Our school empowers students to organise themselves for daily school life by giving them the tools they need to succeed. Students are able to become independent, confident learners, which sets them up to navigate the complexity and challenges of the modern world.

This page is specifically for students currently enrolled at St John Bosco Catholic College Engadine and contains material thought useful by our student leaders and the student body, as determined via student voice initiatives. Be sure to check in regularly for college updates.

House System

St John Bosco College has a House System designed to motivate, recognise and reward the achievements of students across a variety of curricula and co-curricular areas of college life, and build teamwork and a sense of community via membership of a House group within a supportive environment.

The house system is designed to create a positive climate of healthy competition and rivalry between the four House Groups. House activities are intended to cultivate a sense of belonging and add fun, energy, enthusiasm and celebration to the daily experience of school.

Each House competes for the House Trophy. House activities of a sporting, cultural, academic and fundraising nature are organised throughout the year to promote House spirit.

Students are allocated to a House upon arrival at the college with siblings placed in the same House. Two House Captains, along with House Patrons are responsible for the general organisation of each House at the various carnivals and for developing a sense of house spirit.

Caroline Chisholm was born in England in 1808 and died in England in 1877. However, she is primarily remembered for her contribution to Australian society. She is credited with creating the beginnings of welfare for the poor in Australia.

She gave special attention to unemployed migrant women, spoke on their behalf before government bodies in Australia and England, established employment schemes and engaged in many other activities on behalf of the disadvantaged. For more than 20 years her face was on the Australian $5 note.

Her faith was her inspiration for all she did and for this reason she is renowned for the manner in which she spread the Good News of Jesus by her courageous service of the poor and the vulnerable.

Fr. Thomas Dunlea was born in 1894 and died in 1970. He was the founding parish priest of Engadine and the founder of Boys’ Town, where there is a memorial stone in his honour to this day. In response to a promise to care for the “high spirited” son of a dying mother, he began his work for the welfare of disadvantaged boys and young men.

Convinced that the boys in his care needed an education if they were to make a go of their lives, he established a Rural College on the site of the present-day Heathcote High School in order to teach the students basic agricultural skills.

This work has developed into the present-day Boys‚ Town. Fr. Dunlea was renowned amongst his parishioners as a man of practical faith, a faith which sustained him in times of trial and a faith which inspired him in his service of others.

Mary MacKillop is expected to become Australia’s first saint. She was born in Melbourne in 1842 and died in Sydney in 1909. She came from a poor family and early in her life, worked as a shopkeeper and teacher to support her family.

Later she moved to South Australia and founded the Sisters of St.
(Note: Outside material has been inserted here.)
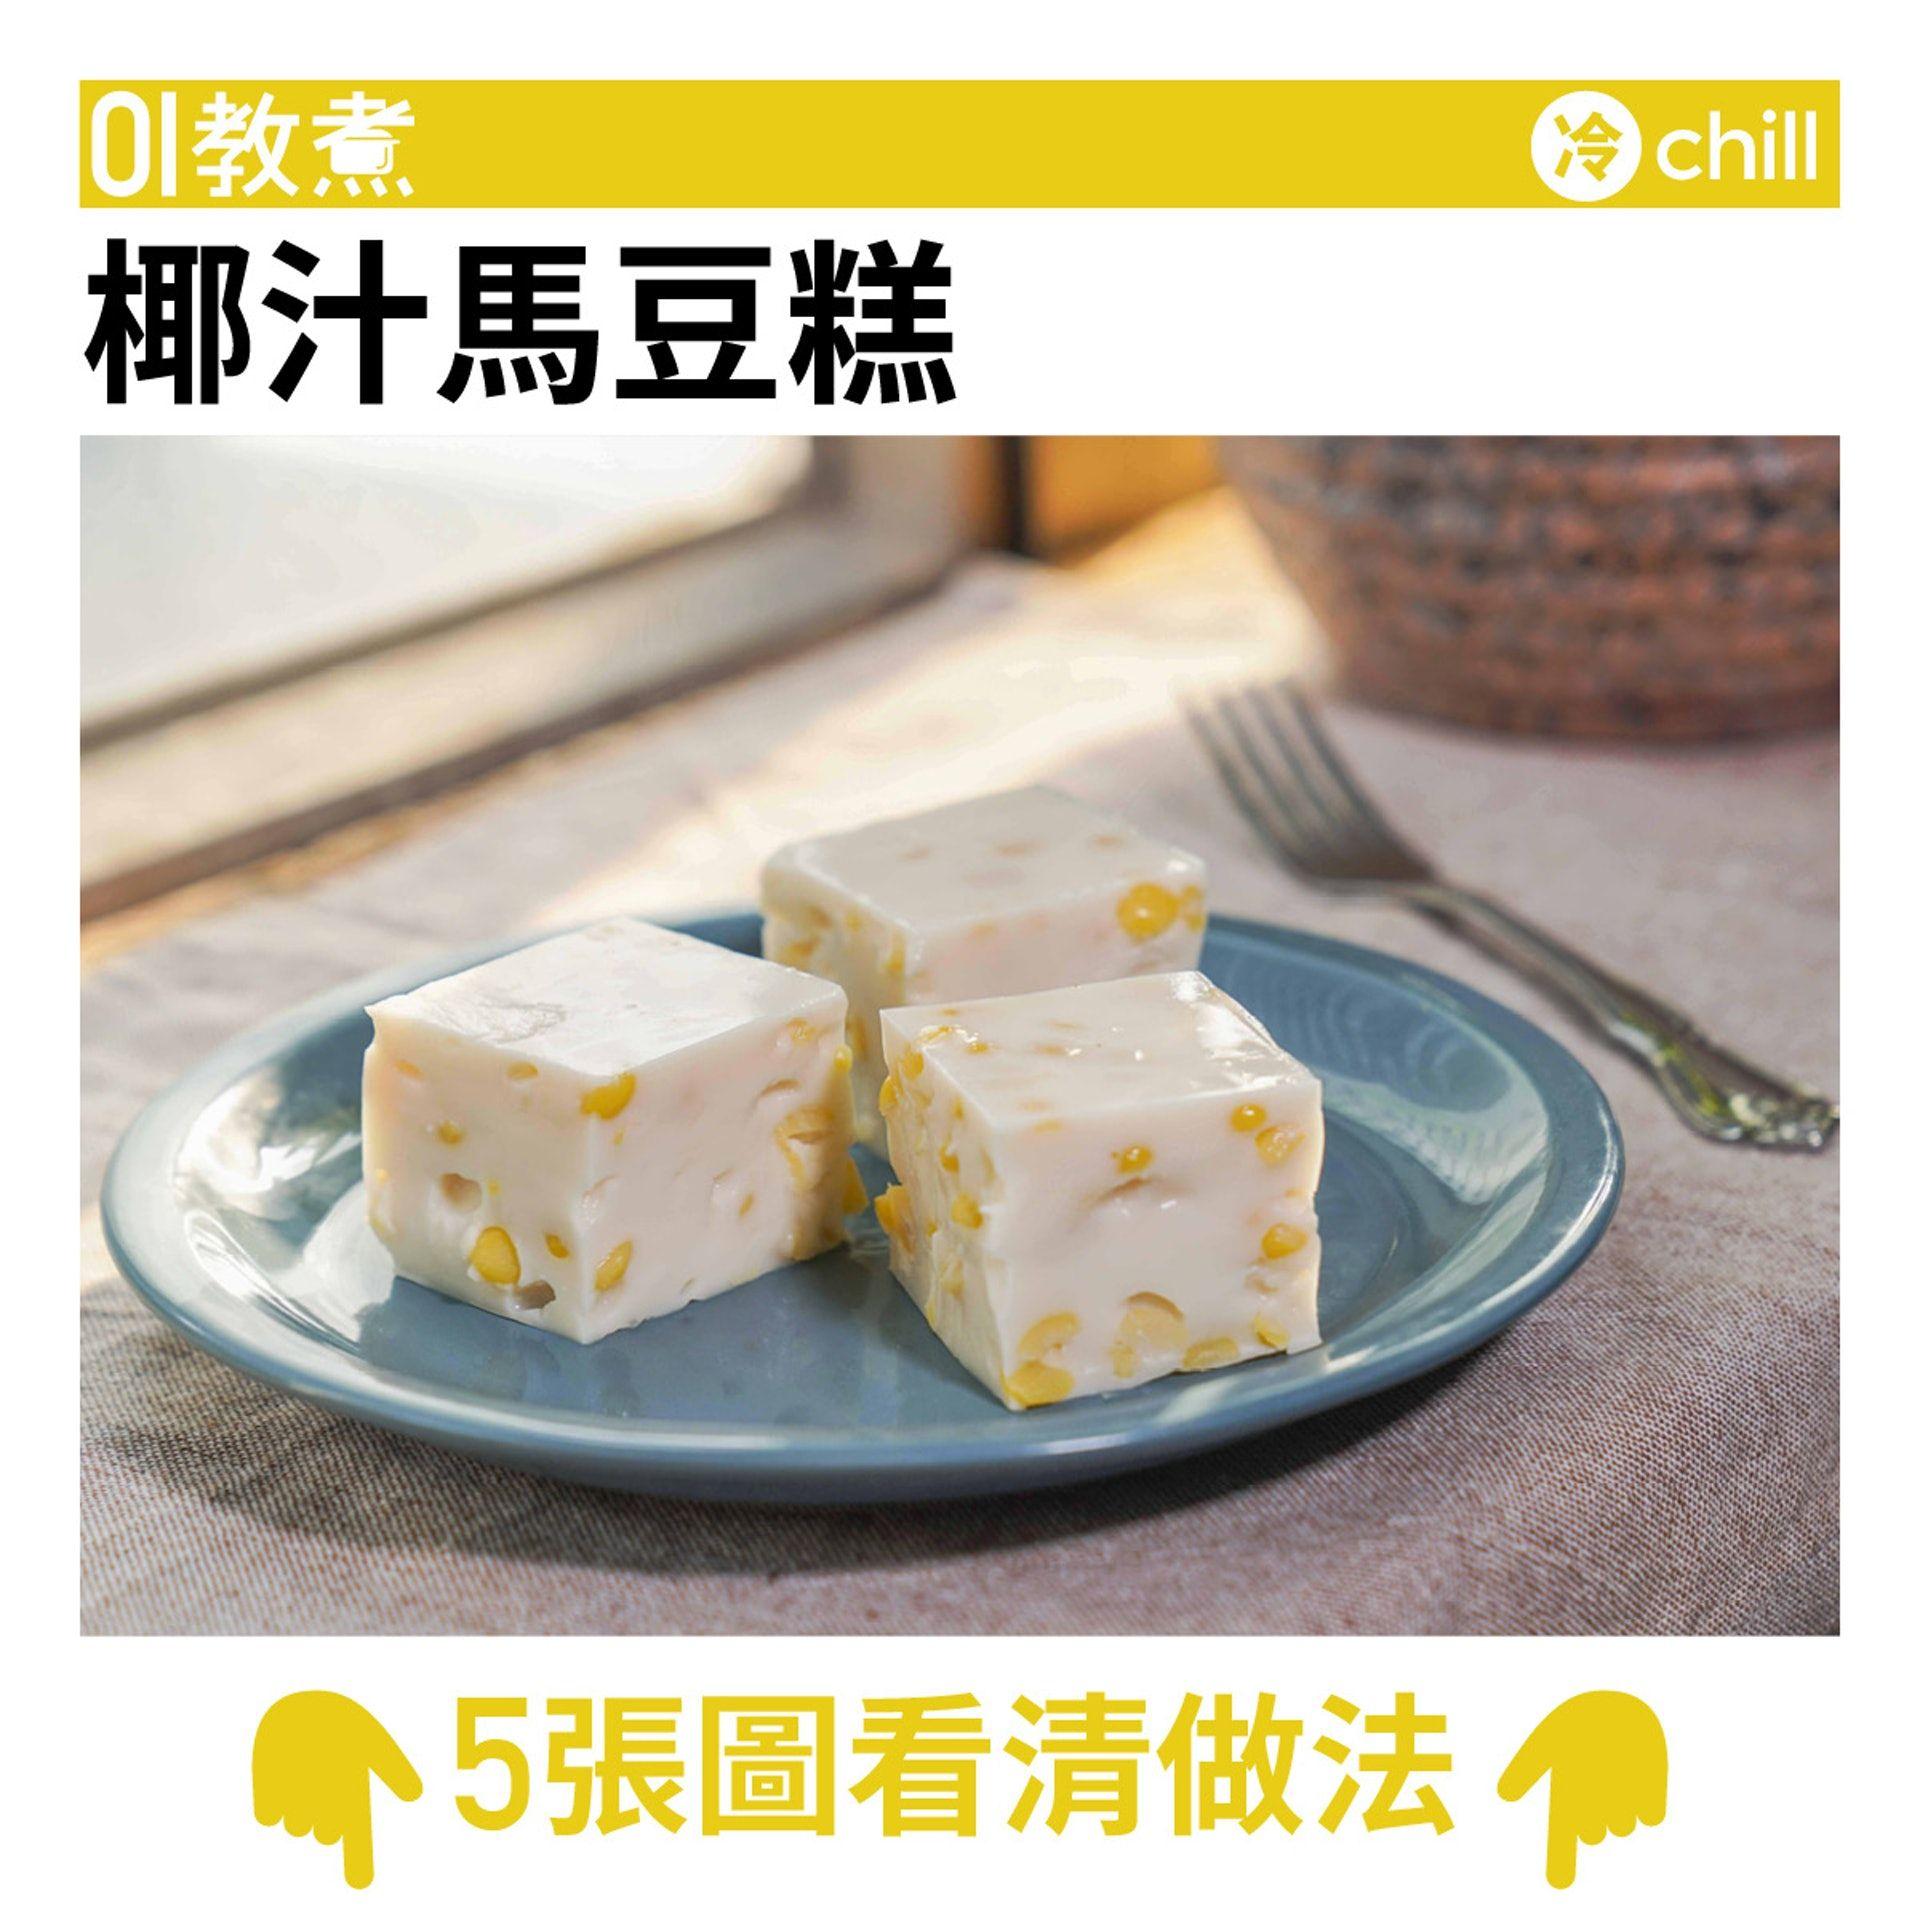 椰汁馬豆糕食譜 | Food, Recipes

Joseph, a religious order devoted to education, nursing and welfare in impoverished areas in large cities and the outback. Mary MacKillop’s life is a great example for all members of our College community. She was a woman who dedicated herself to serving God and others and a woman who lived the Gospel through her service of the poor and those in need, especially through education.
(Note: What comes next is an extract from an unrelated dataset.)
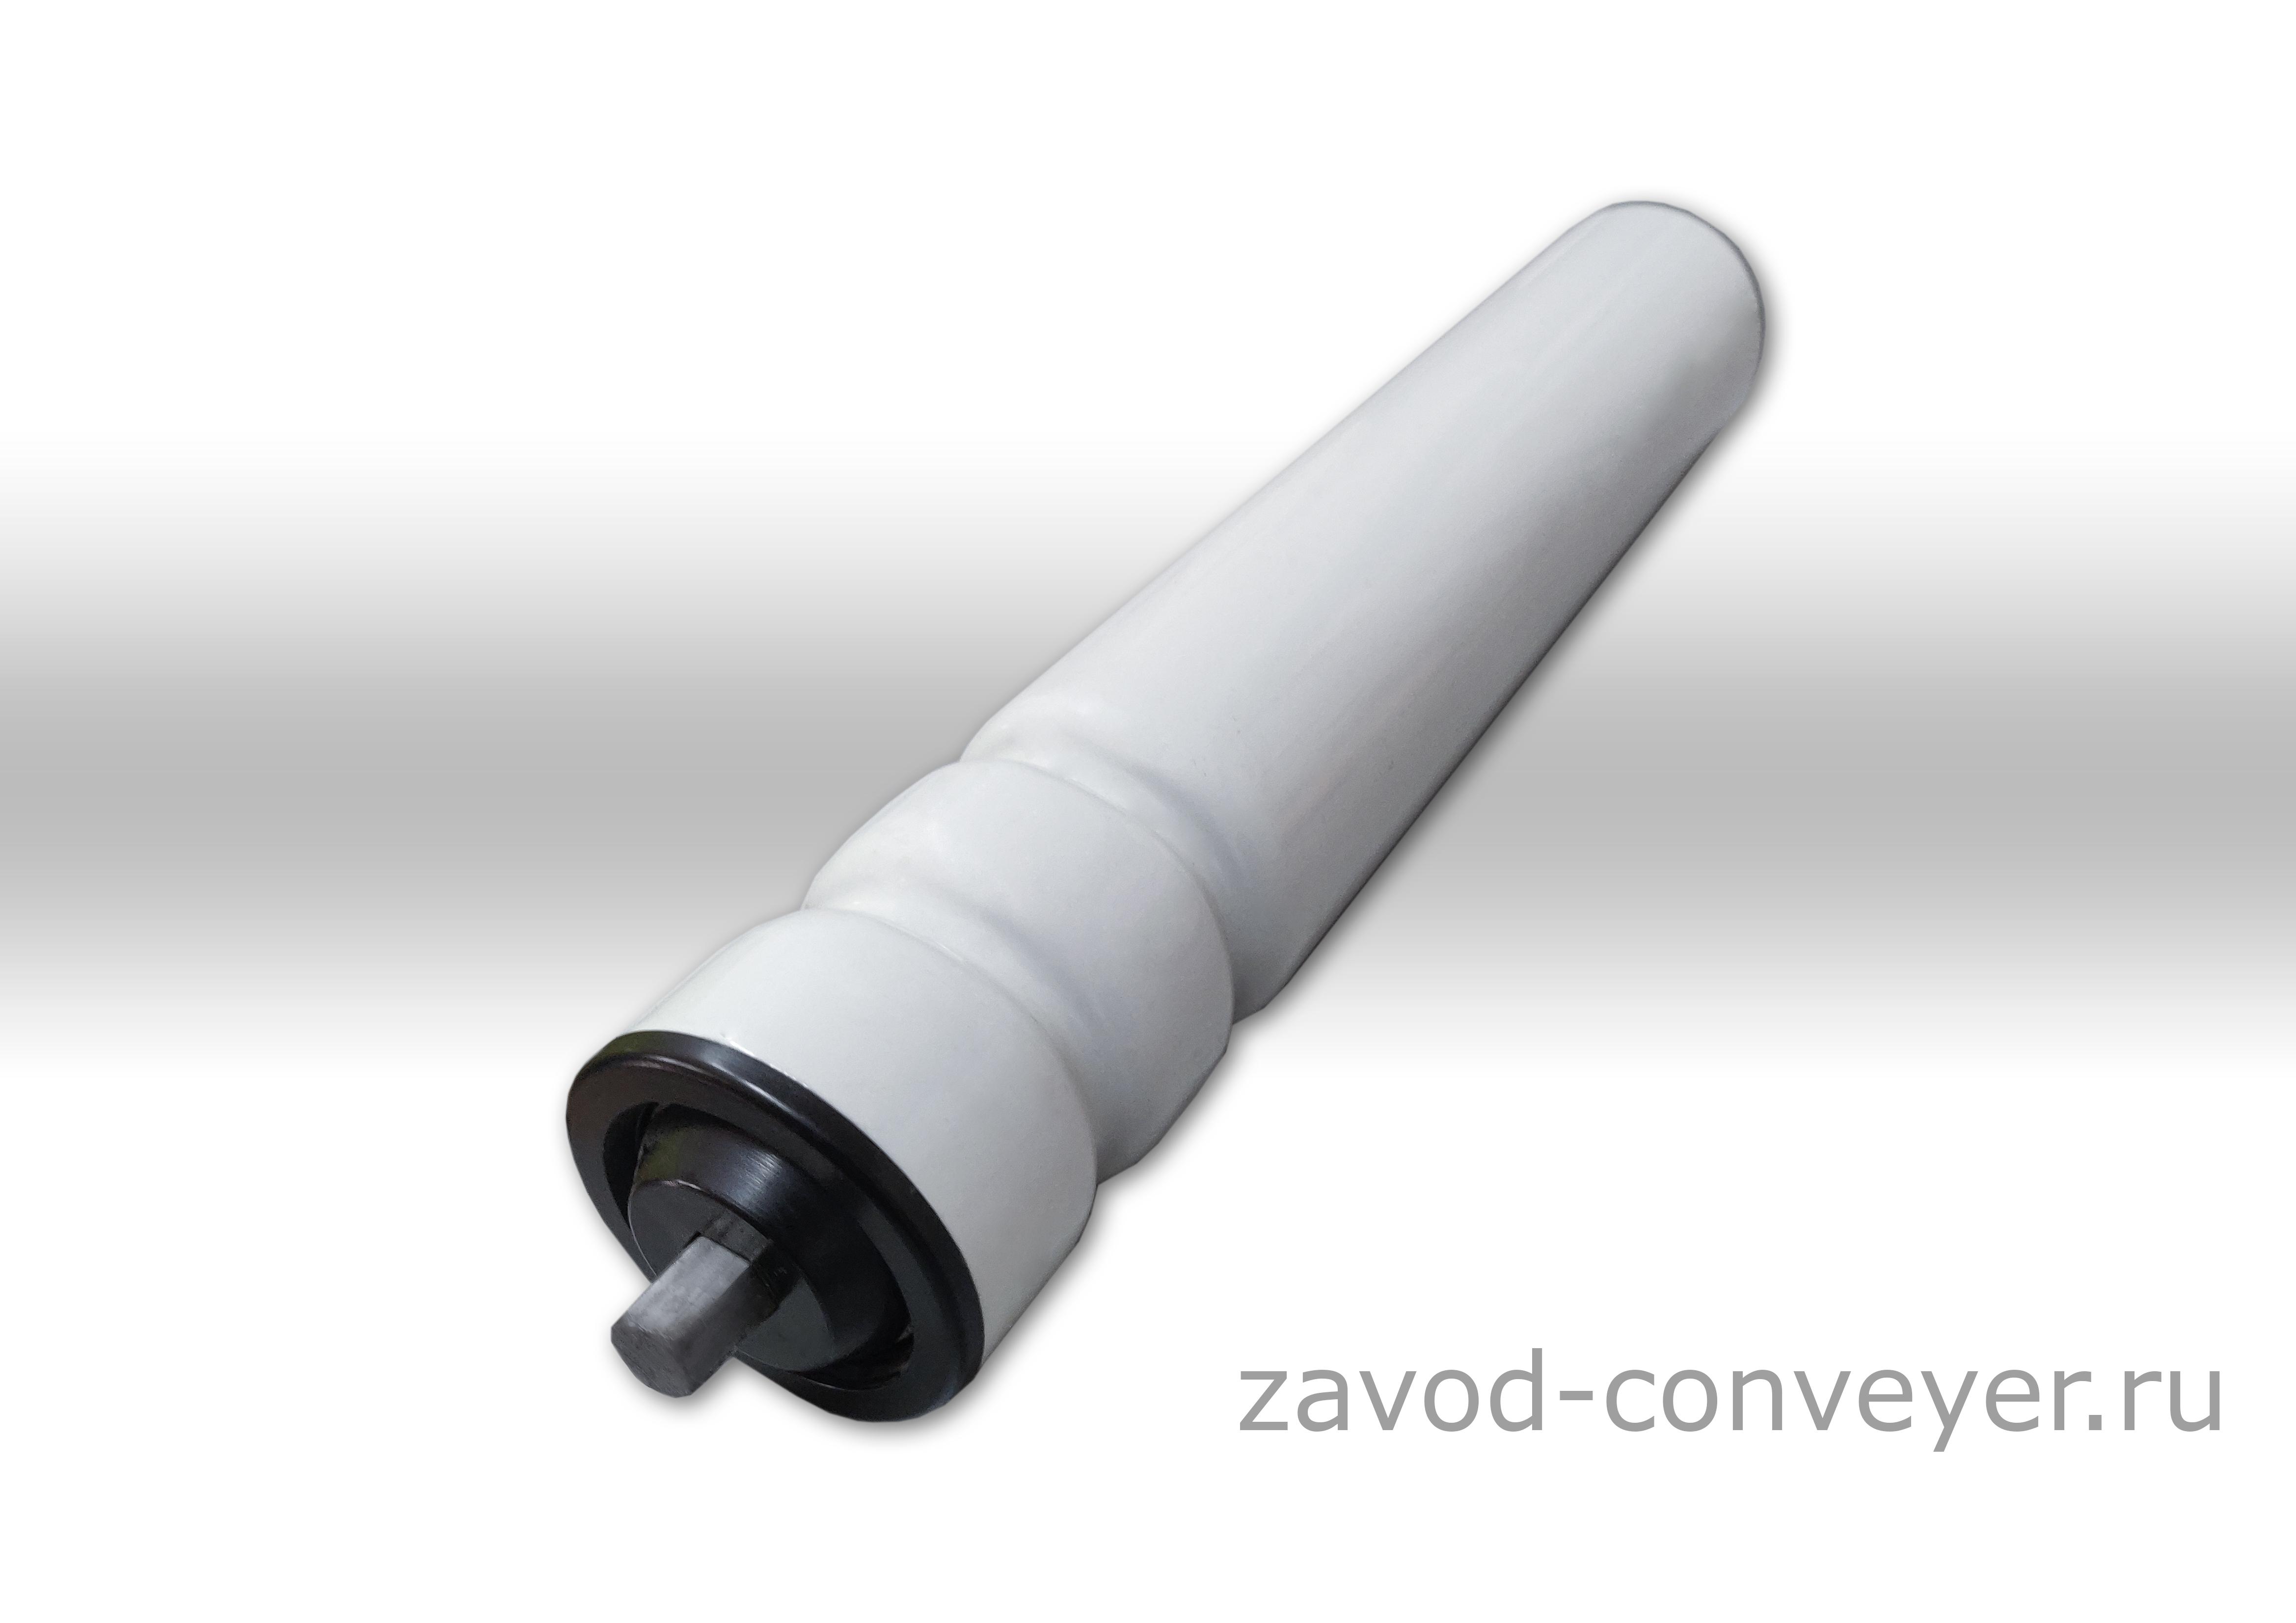 Ролик конвейерный приводной стальной D48/L200

Saint Dominic Savio was born in northern Italy in 1842 and is one of the few teenage saints in the history of the Church. He attended the school of St. John Bosco, who personally guided Dominic’s human and Christian development.

Dominic’s life is a great example for all members of the College community. He was a young man whose short life was dedicated to loving and serving God by actively fulfilling his responsibilities as a Christian, a friend and a student. His dedication to his studies, his loyalty as a friend, the generosity of his service to others and his love of God have inspired generations of young people throughout the world to love.